══ Information

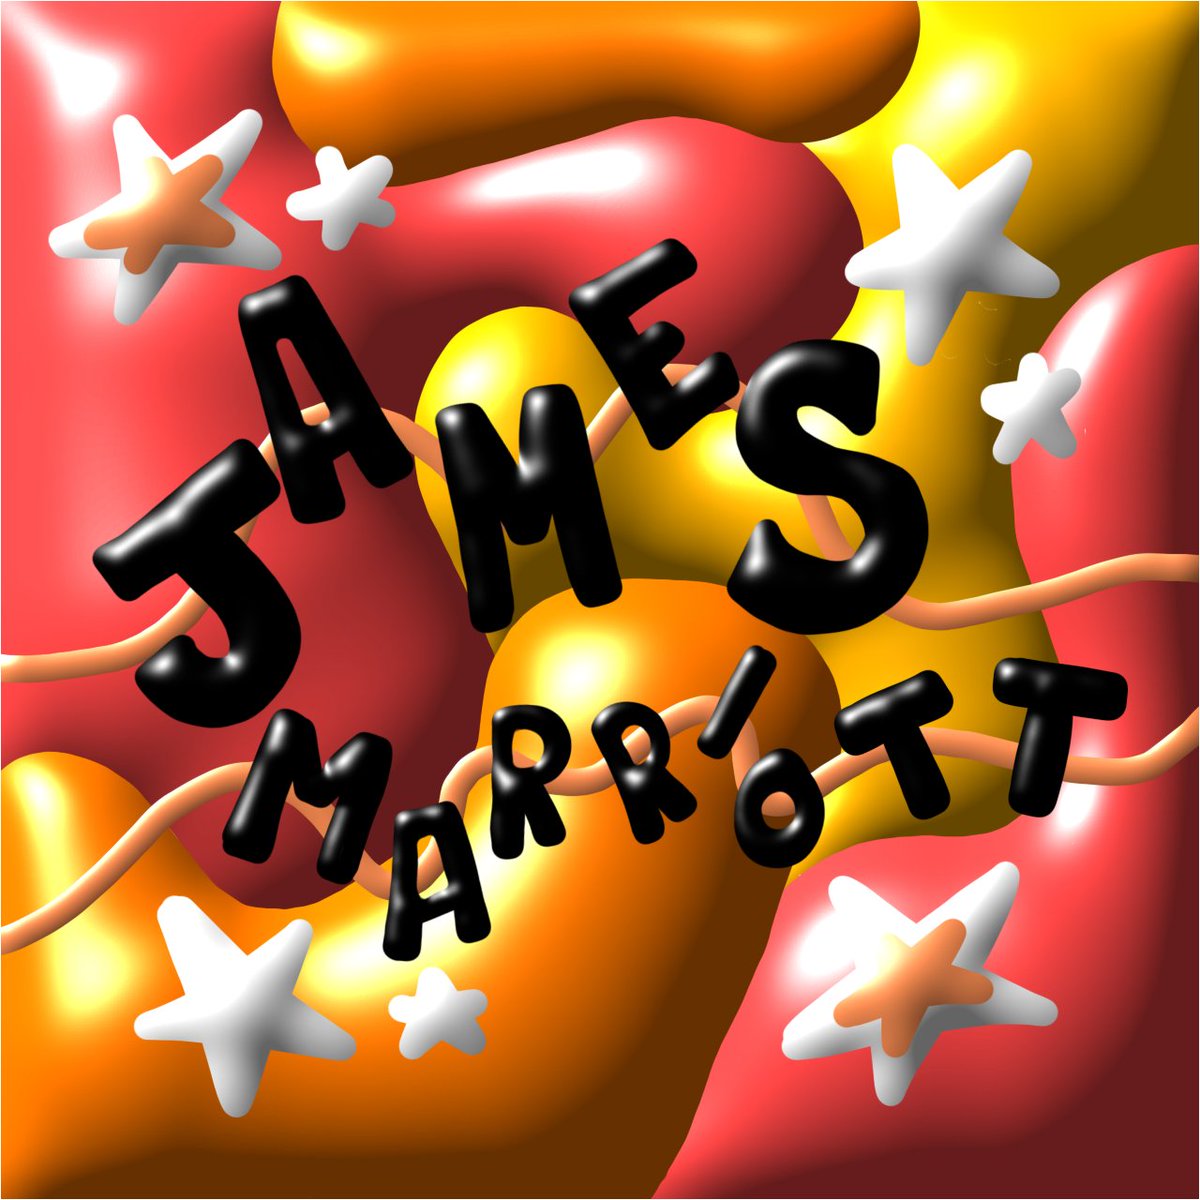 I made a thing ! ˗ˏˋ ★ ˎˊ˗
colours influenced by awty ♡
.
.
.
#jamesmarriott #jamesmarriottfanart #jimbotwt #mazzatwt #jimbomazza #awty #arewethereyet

════

[What the task asks] Every entry above should be given again exactly, with no images included.

[Response below]
 I made a thing ! ˗ˏˋ ★ ˎˊ˗
colours influenced by awty ♡
.
.
.
#jamesmarriott #jamesmarriottfanart #jimbotwt #mazzatwt #jimbomazza #awty #arewethereyet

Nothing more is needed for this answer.